Collected material:
-*-

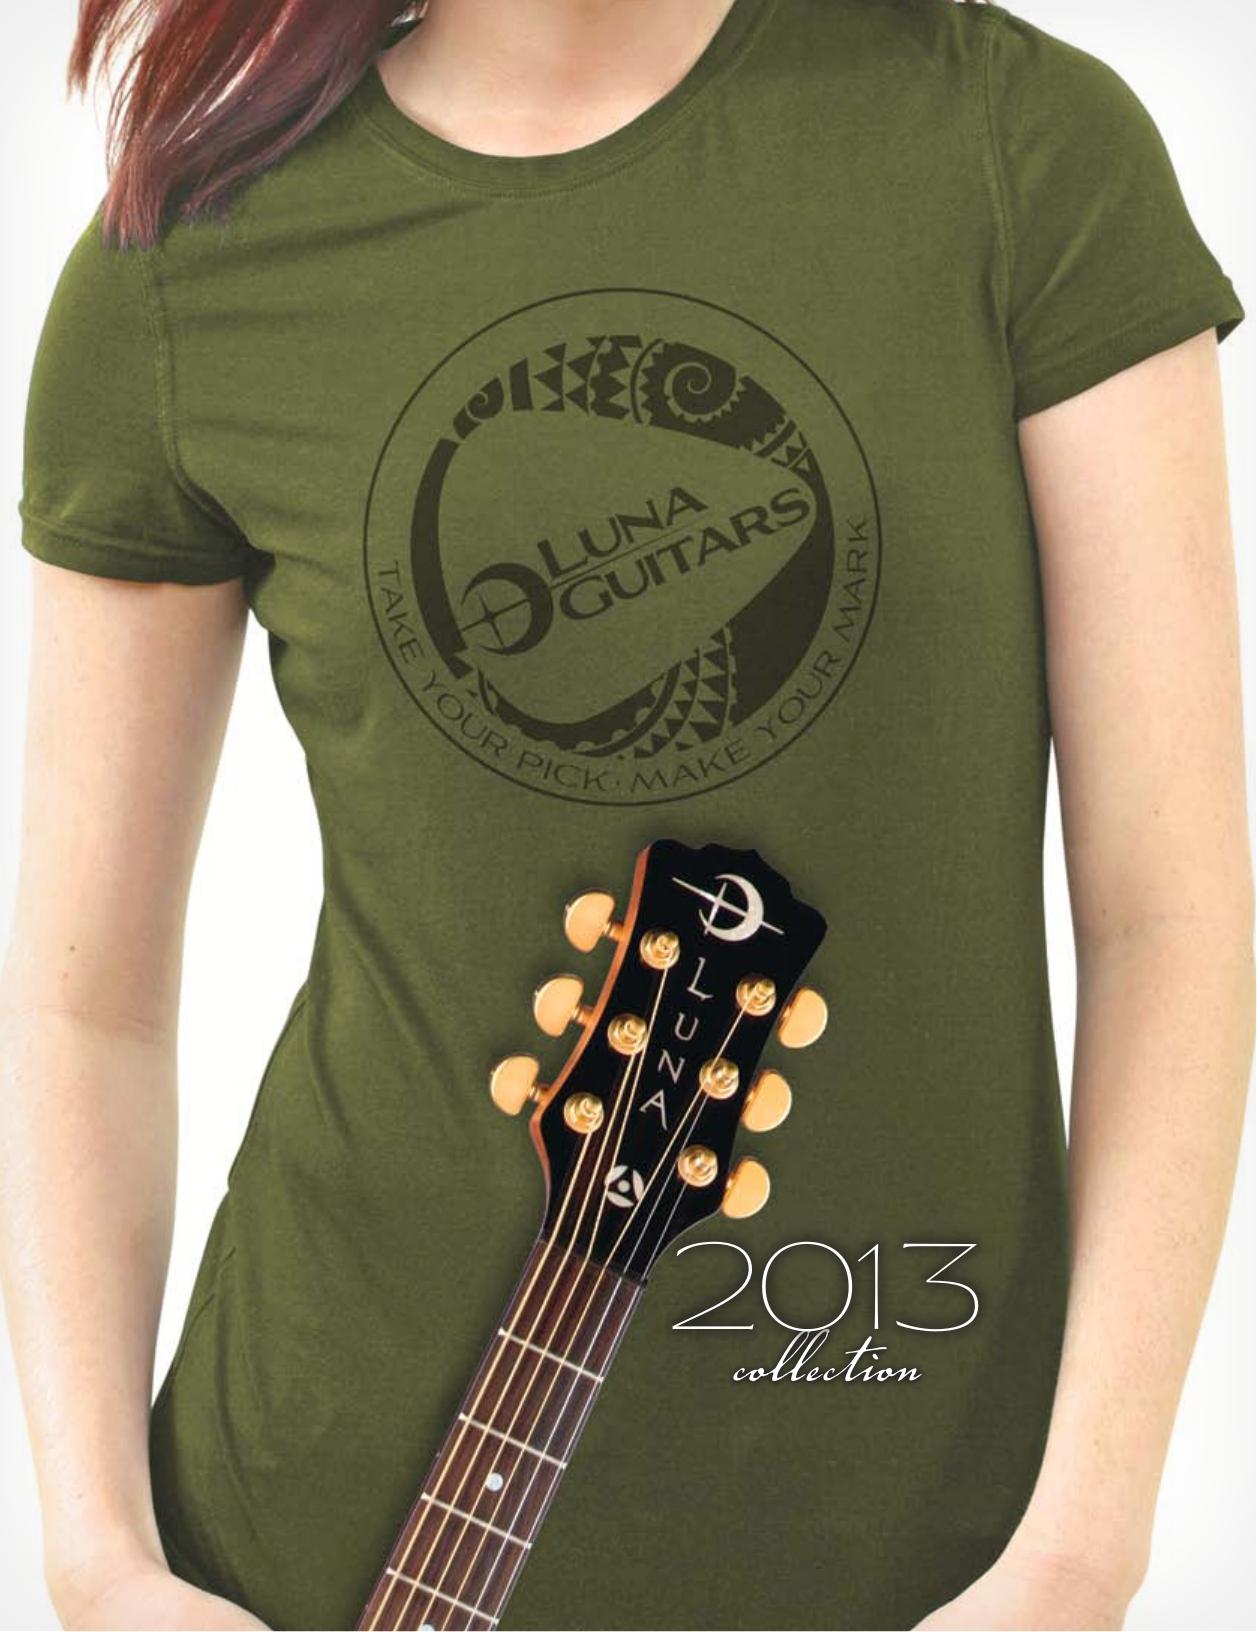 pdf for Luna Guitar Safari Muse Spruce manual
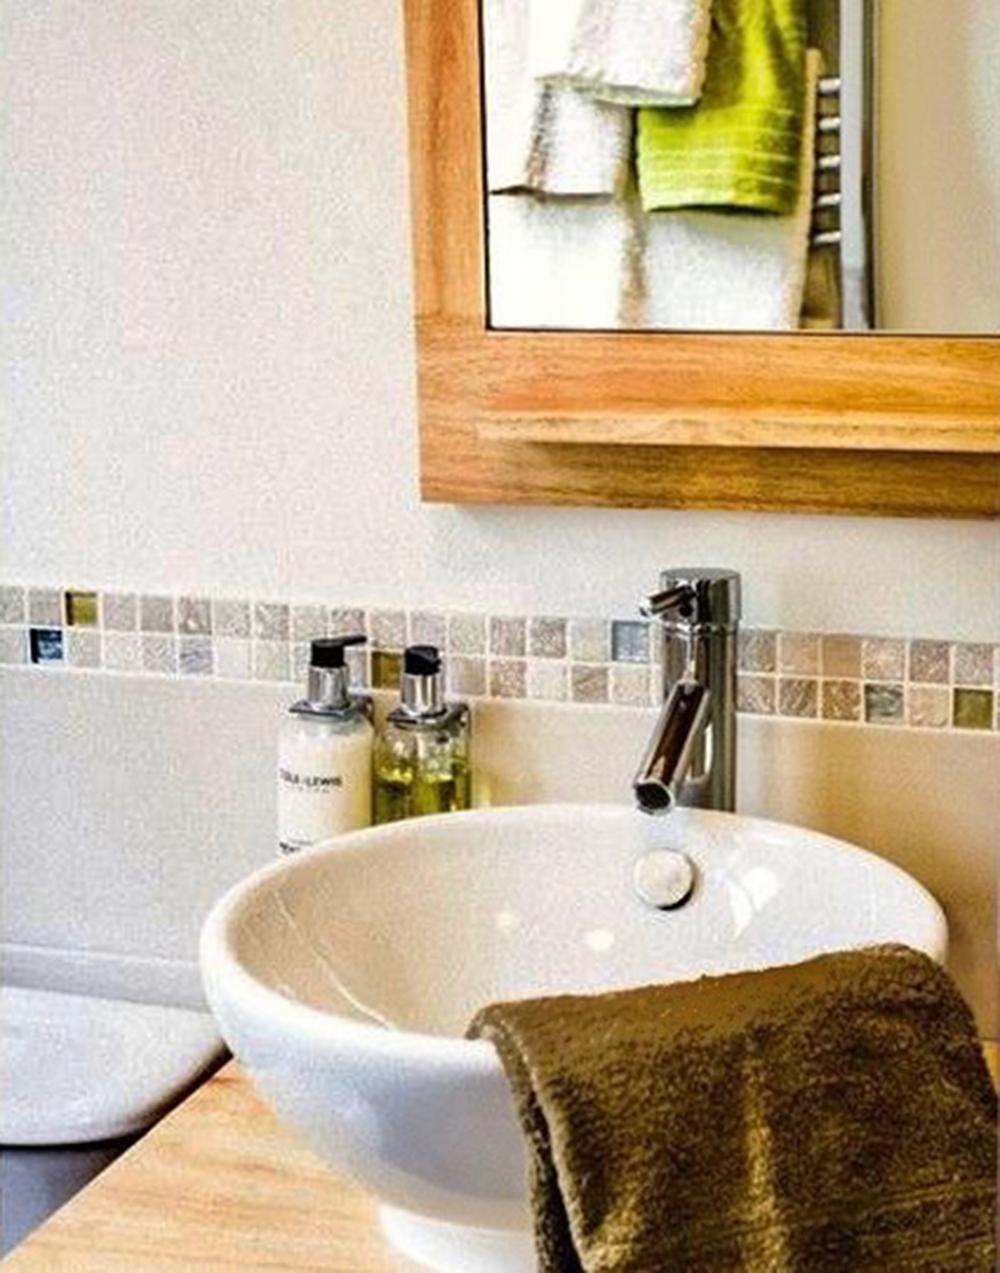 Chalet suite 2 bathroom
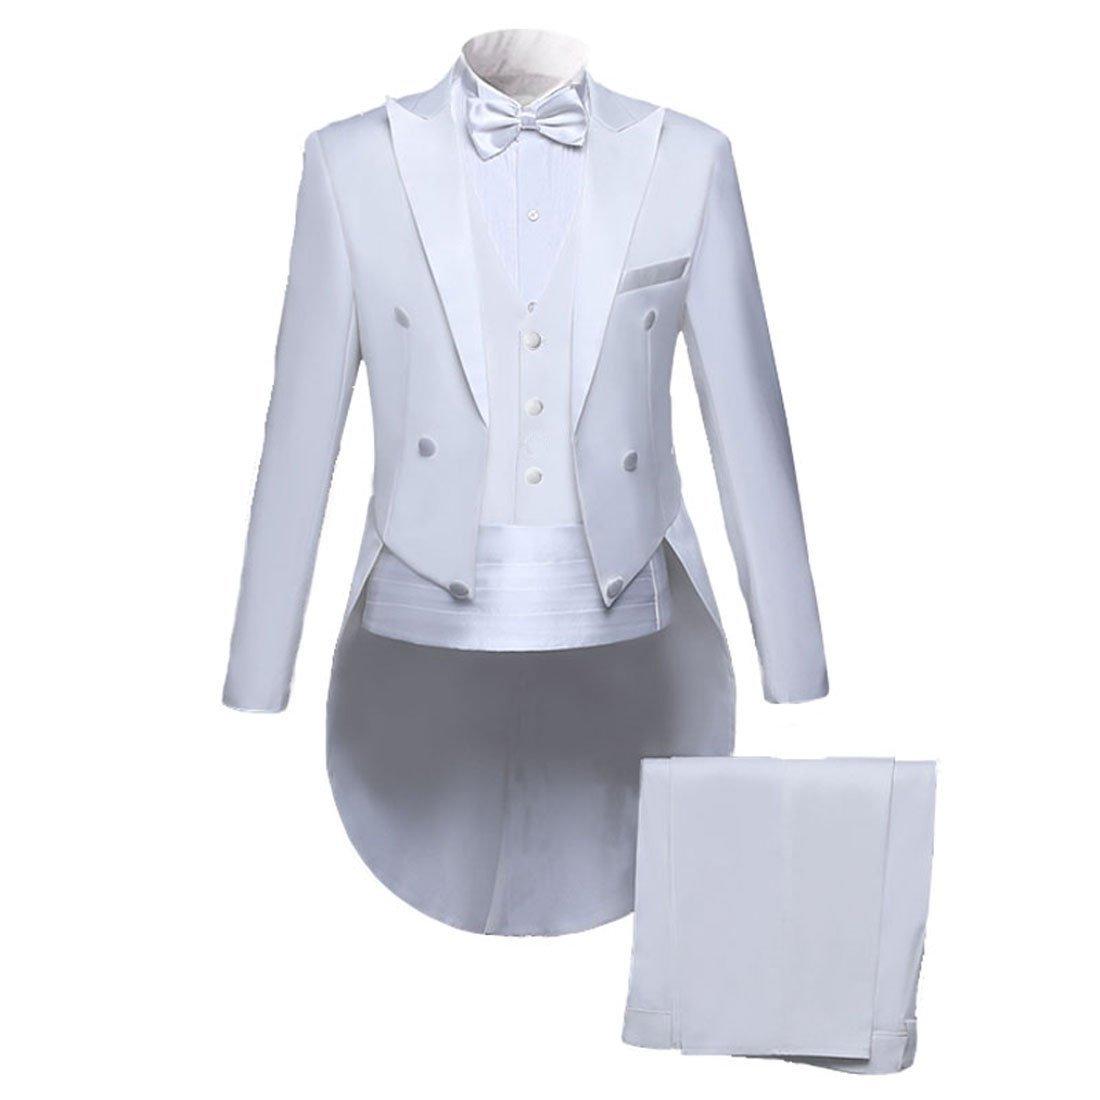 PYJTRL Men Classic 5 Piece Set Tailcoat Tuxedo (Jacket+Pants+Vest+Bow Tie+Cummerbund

-*-

Your assignment: Reproduce the data verbatim. Do not carry any picture into the copy.

The completed task:
 pdf for Luna Guitar Safari Muse Spruce manual
 Chalet suite 2 bathroom
 PYJTRL Men Classic 5 Piece Set Tailcoat Tuxedo (Jacket+Pants+Vest+Bow Tie+Cummerbund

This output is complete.